Is there a book that changed the course of your life? And if so, why?

"Yes, many of these books I've read have influenced The Sunken State in one way or another. Nabokov's books are probably the most important, for the vivid beauty of the language and for their subject matter (nostalgia, memory, the passage of time)".

The premise of the book

The boy runs in the winter night, in the rain, barefoot, covered in blood, not his own. We'll call it LB to get closer to the years and events leading up to that night.

We are in Turin in the 70s. We are guided by the voice of a young woman, passionate about literature and this novel is the memory and the chronicle of her confrontation with the disappearance of her father , with what remained of her happy childhood, with the belated discovery of the court case that had him as the protagonist.

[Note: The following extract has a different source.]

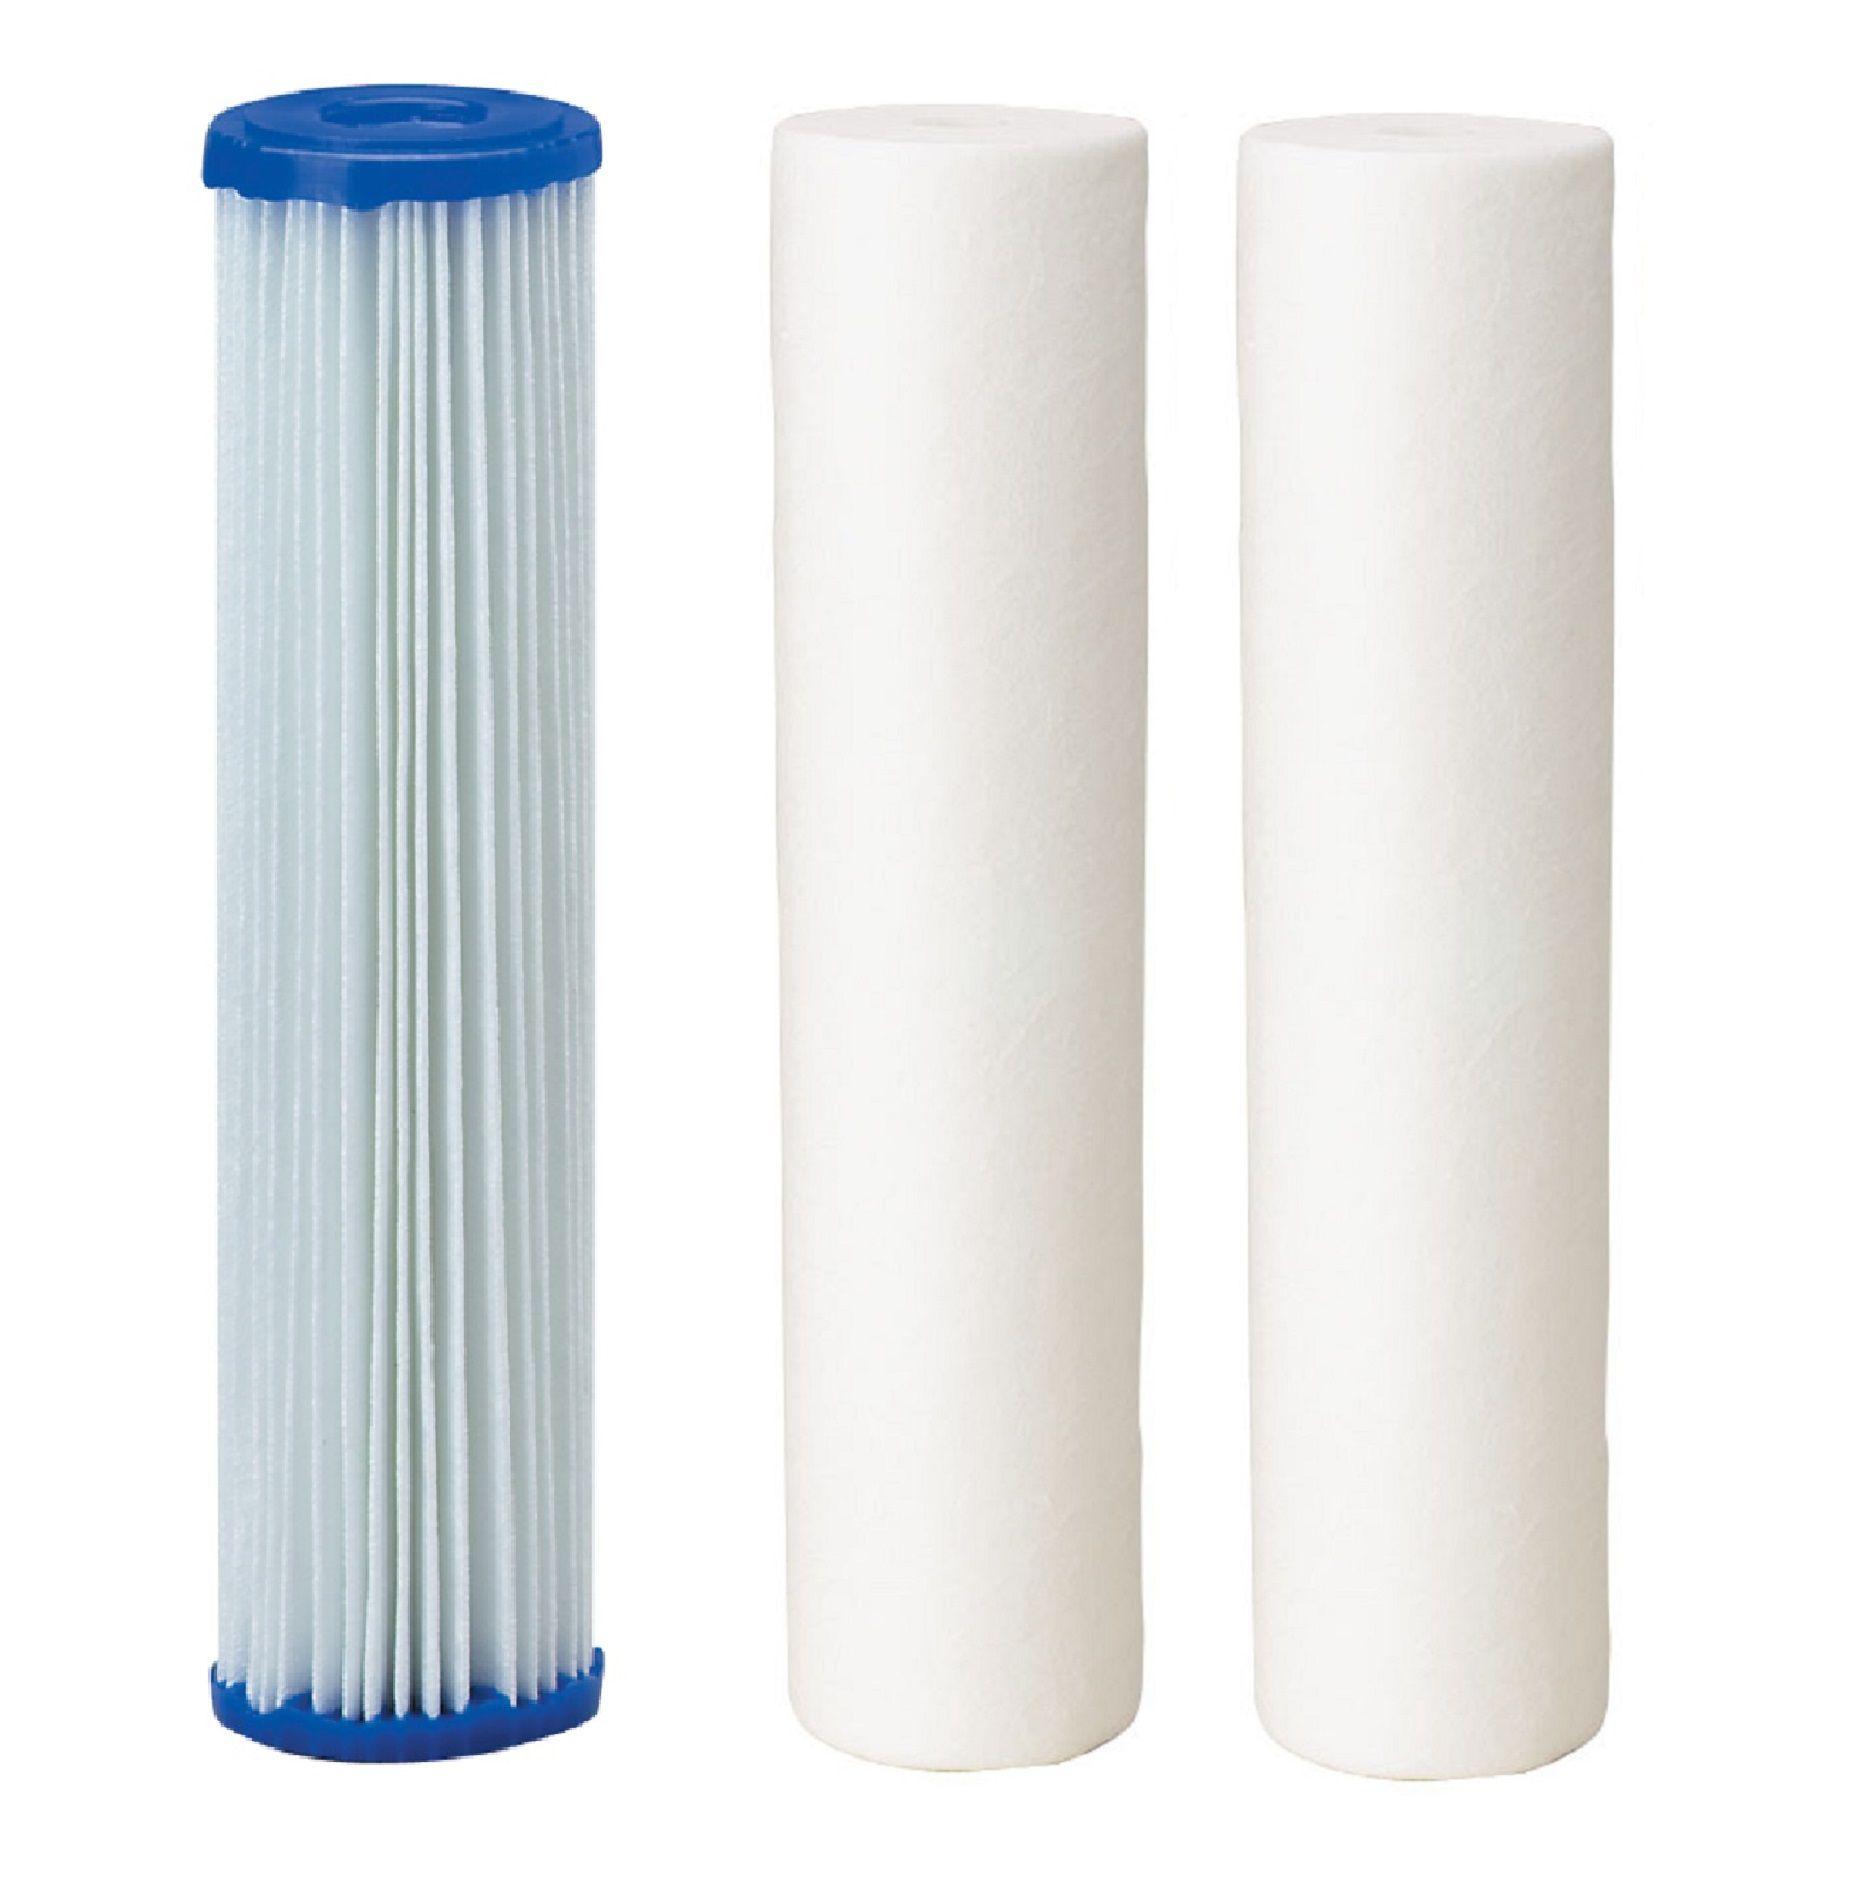 Kit Refis para Filtro Triplo de Entrada - 1 Elemento Filtrante Polipropileno Plissado 10 x 2.1/2 + 2 Elemento Filtrante Polipropileno Liso 10 x 2.1/2

Who was this stranger, LB, the young man always on the side of the losers, the tireless doctor who always fought to save someone, who was sentenced to prison for participating in an extremist left organization? And why did he never want to talk about that time? Testimonies, files and files, memories, revelations slowly compose the portrait of a complicated and contradictory man who lived in a complicated and contradictory era.

The author

Marta Barone was born in Turin in 1987. She studied Comparative Literature at the University of Turin. With the book Submerged State, he was a finalist in the Premio Strega, while he was awarded the Premio Letterario razionale di Elio Vittorini.

The "Sunken State" it was shortlisted for the Premio Strega 2020 prize awarded to the best novel of the year in Italy.

The book is available in bookstores by Keleuthos Publications, translated by Konstantina Evangelou.